Write out, word for word, the part of the listing below that opens with the line containing "Altelix NEMA 4X" and closes with the line containing "304 Womens Breakfast", keeping both of those lines and adding no others.

● **SUPPLIED INFORMATION**
□ □ □ □

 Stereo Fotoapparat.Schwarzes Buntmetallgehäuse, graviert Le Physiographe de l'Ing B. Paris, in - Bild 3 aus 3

□ □ □ □

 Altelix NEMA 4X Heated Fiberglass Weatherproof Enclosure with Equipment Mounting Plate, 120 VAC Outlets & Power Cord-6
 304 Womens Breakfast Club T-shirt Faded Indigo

□ □ □ □

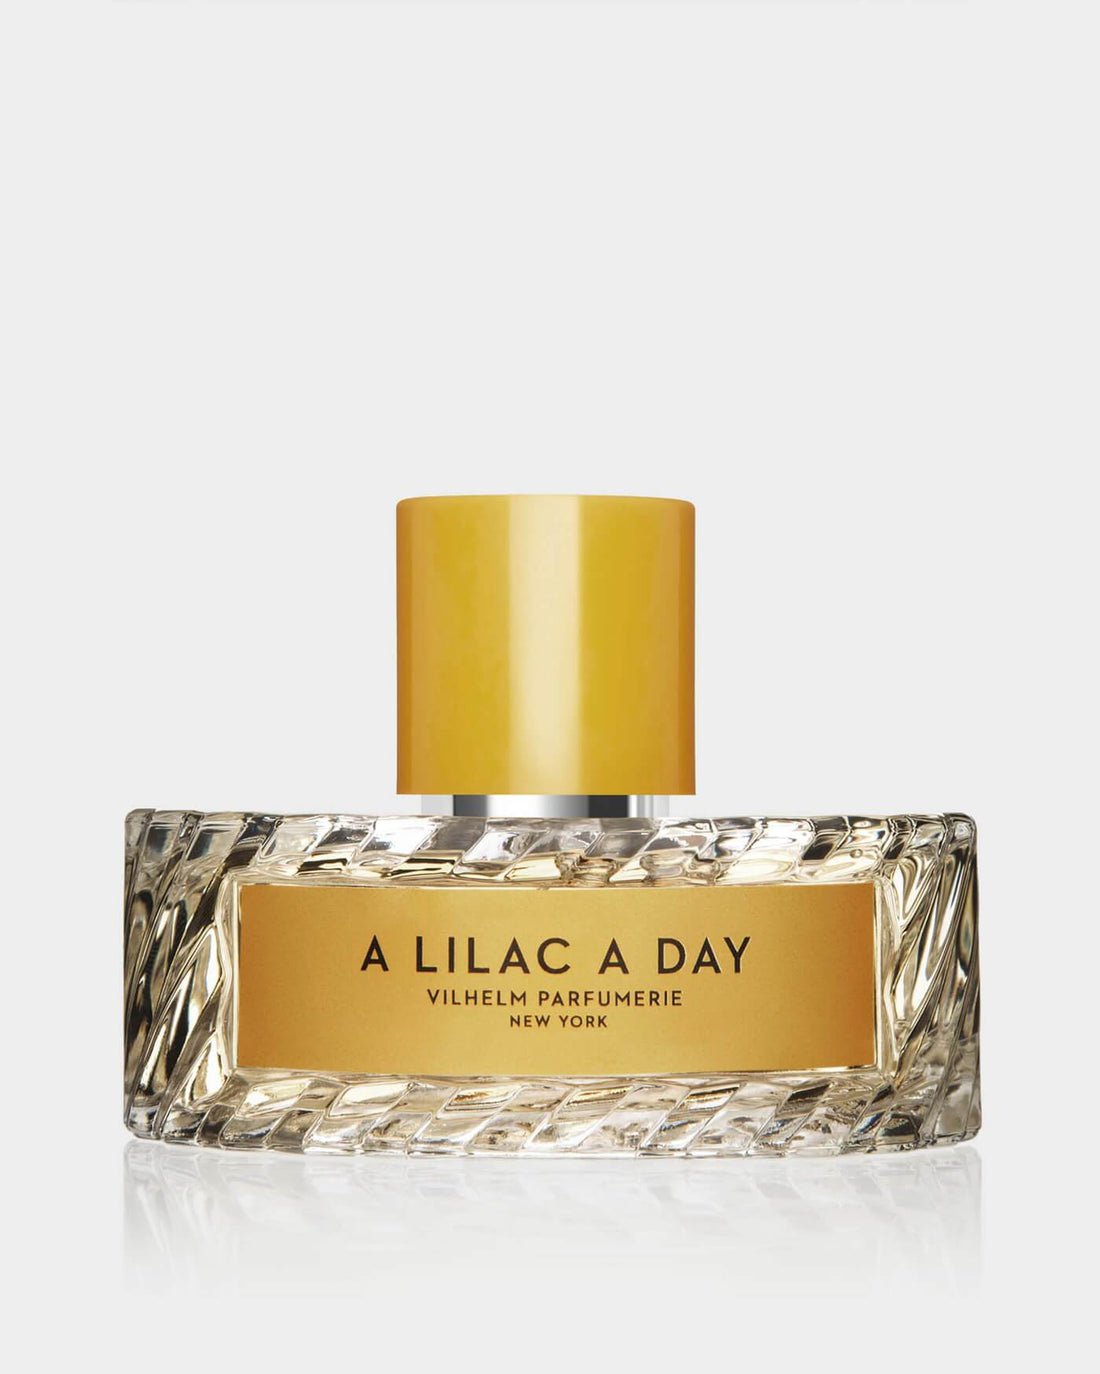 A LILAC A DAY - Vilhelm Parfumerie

□ □ □ □

● **WRITTEN RESPONSE**
 Altelix NEMA 4X Heated Fiberglass Weatherproof Enclosure with Equipment Mounting Plate, 120 VAC Outlets & Power Cord-6
 304 Womens Breakfast Club T-shirt Faded Indigo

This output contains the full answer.